The first thing I thought of was her writing on domestic work in Feminist Theory. I've quoted her (and often Gayatri Chakravorty Spivak on the same subject at the same time) to probably everyone I know if we ever had a conversation about housework. The quote continues after this, and like a lot of her writing I thought it became dogmatic and made some improbable conjectures. But that's bell hooks. She was this brilliant, Black feminist theorist who understood why housework was so important, who was loved by Janet and Laverne and Raquel Wells and so many Black trans femmes and mascs, and in turn worked to earn their respect and love, and whose opinions over the years, from Paris is Burning to Beyoncé were occasionally of a different era and different feminism and occasionally shite.
I love doing housework, cooking and cleaning, and while I'm on my knees mopping the floor feeling like it's not at all demeaning or degrading or drudgery, I'm thinking, "Yeah, doing aesthetics here, care for self and the world, it's beauty and it's got value," and bell hooks is nodding going, "Yes, child, affirmation of your identity coming through strong."
Kestrel finally allowed me to take a video of them hunting.
Heaps windy and fresh after the storm last night. Me doing my usual wobbly lap along the southern pavé saw a crow having a go at a Kestrel. Kestrel was not having that and making a right racket. They both ended up perched on the bird sanctuary fence as I was walking past. I asked the crow, “Why you being such a cunt?” Kestrel flew off when I was between them and crow, and crow didn’t want to fly through me to get at them so hauled off in the other direction. Probably gonna have to give that one a feed so they don’t tell all their mates to shit on me next time.
On the gravel by the old airport ground this one was on the hunt. Maybe the same one. There’s a few of them there. Actually hung around long enough for me to get my phone out and then came up right over me for a long hover before diving at a mouse or something.
Really not blogging much since the utterly brilliant pandemic response murdered all the fun and way too many good people. Everyone I know has been experiencing highly abstracted perceptions of time. Did we talk last week? Last week was last year.
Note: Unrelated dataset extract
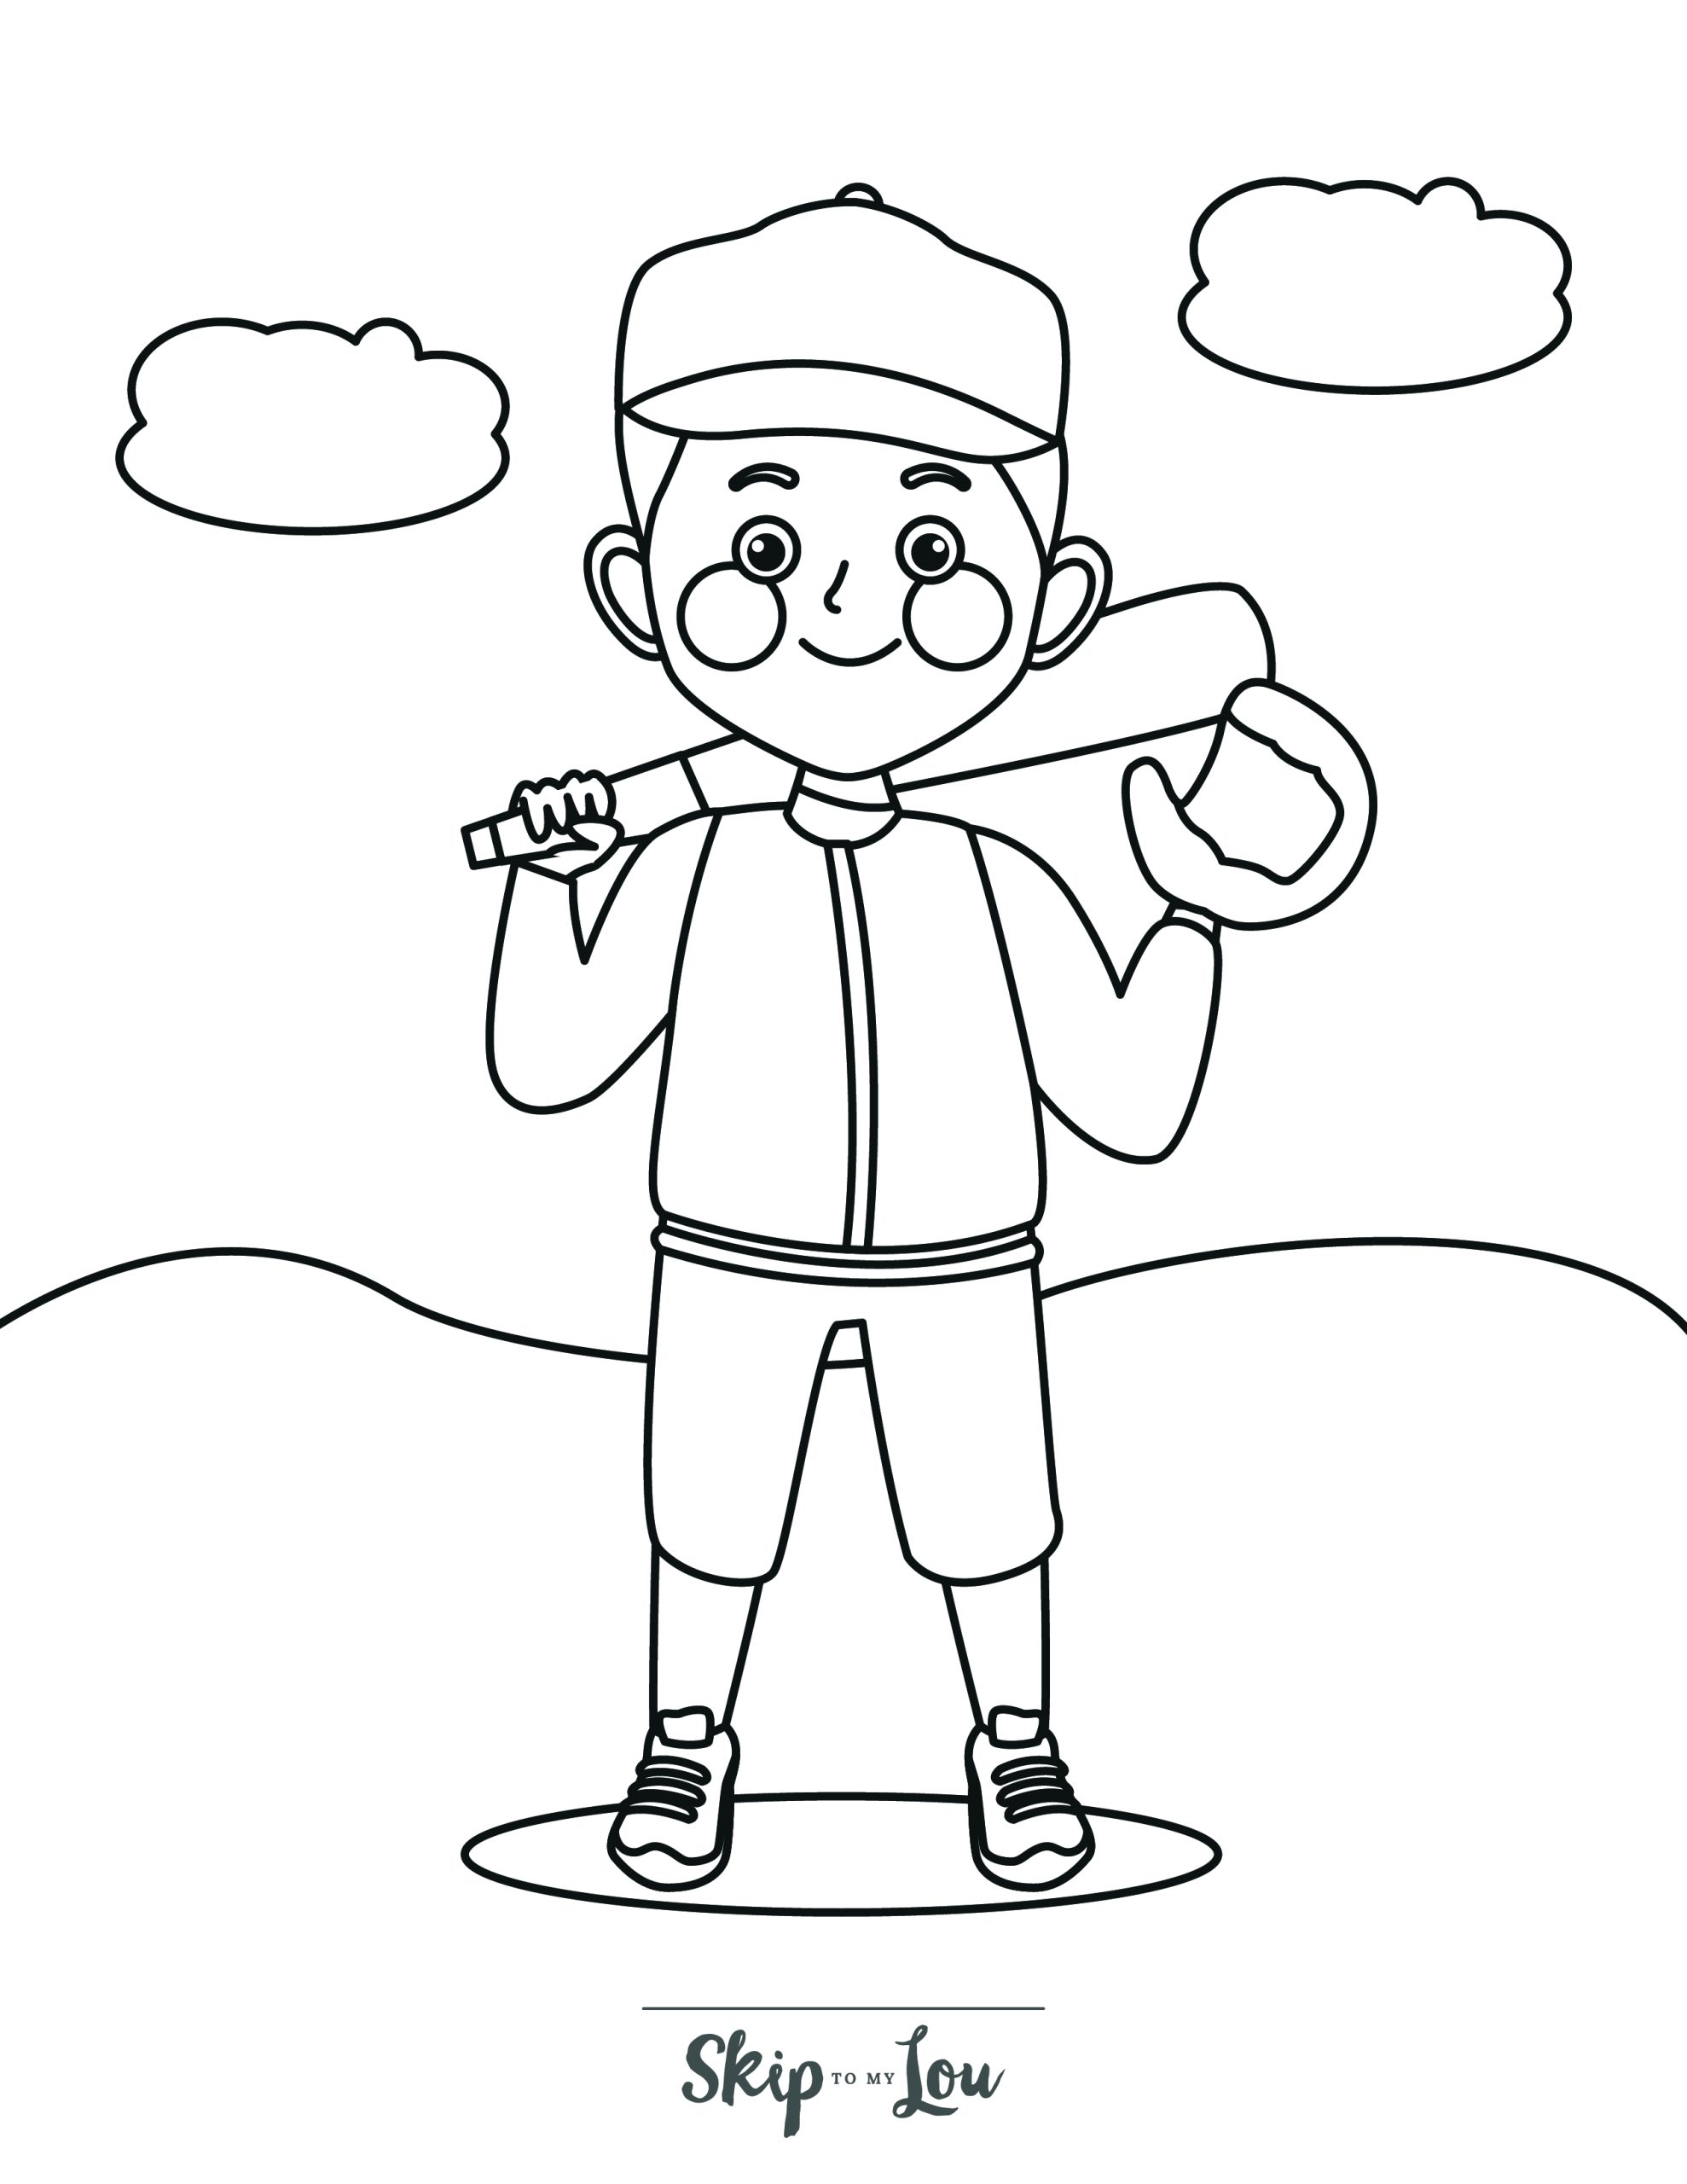 Baseball Coloring Page 9 - A line drawing of a baseball player, holding a bat and wearing a baseball glove.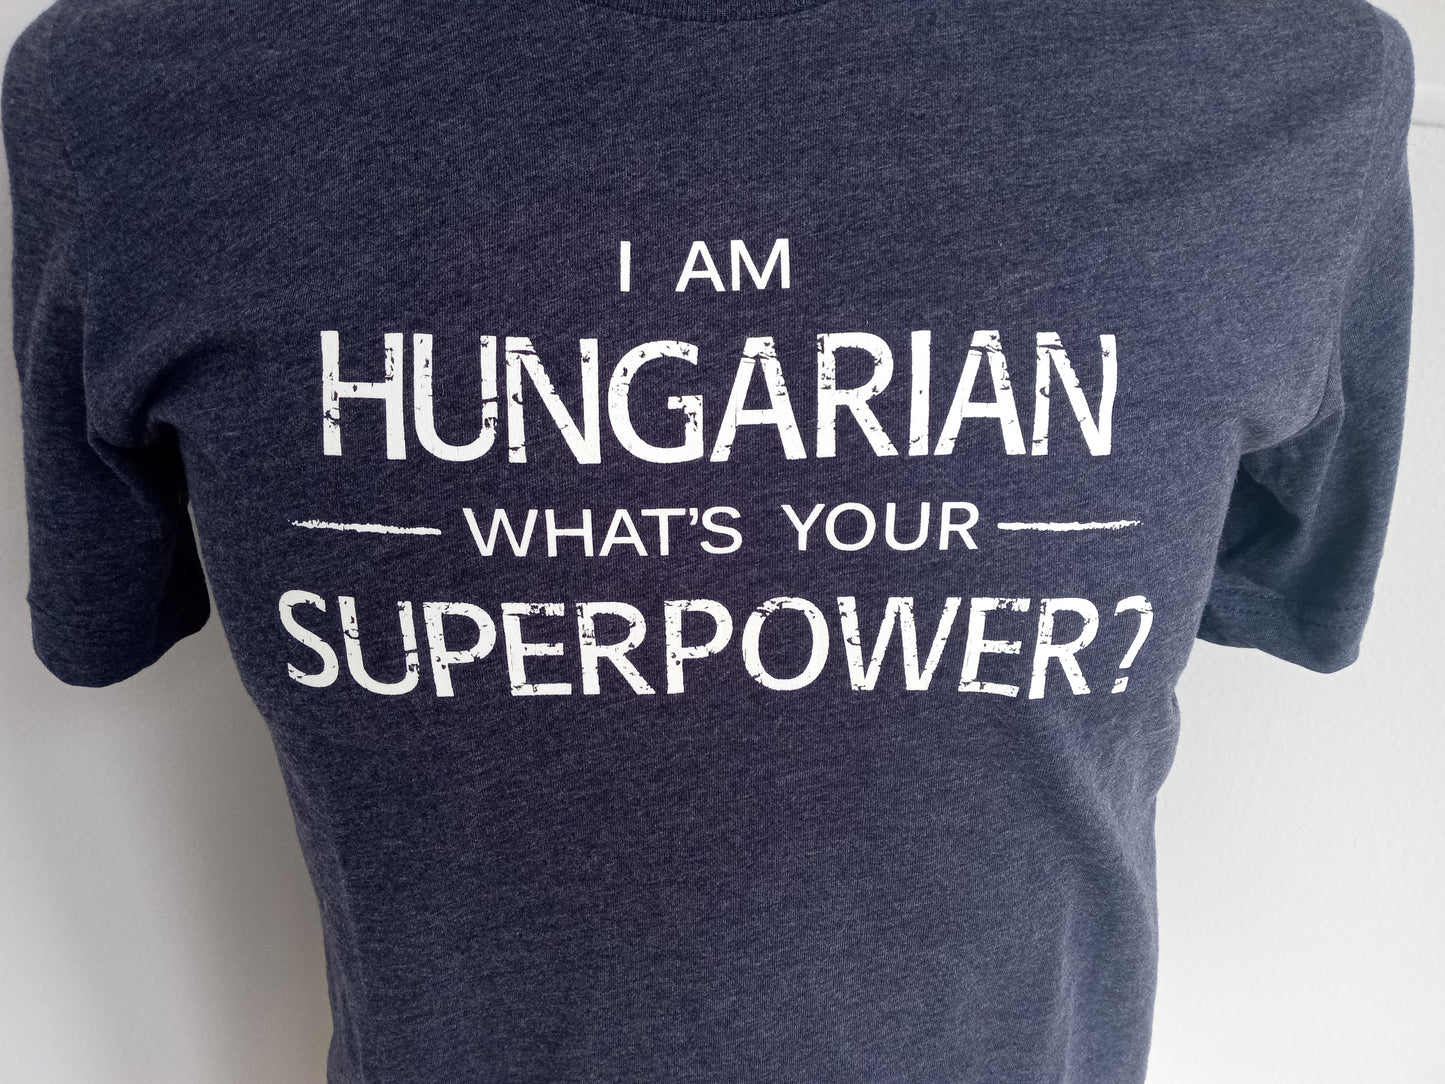 Hungarian Superpower

Tempelhofer Feld has been giving me some low energy pleasure. The resident kestrels even took a perch near me for long enough I could photograph one the other day.
The only thing not giving me energy are the white cishet couples where the woman does the “Oooh it’s a tranny!” to her man. Big sucking the dick of your oppressor energy there, hun. I was wondering if they do this because if I respond to the woman, she can use the “It’s a man!” defence to have her man do the physical violence. All fun, no consequences for these cishet women.
Yallah, a month ago, when it was still autumn-ish, I enjoyed the plant life around the southern perimeter road, just up the rise by the trees. I was going to prettify them a bit, but a month later obviously that’s not happening.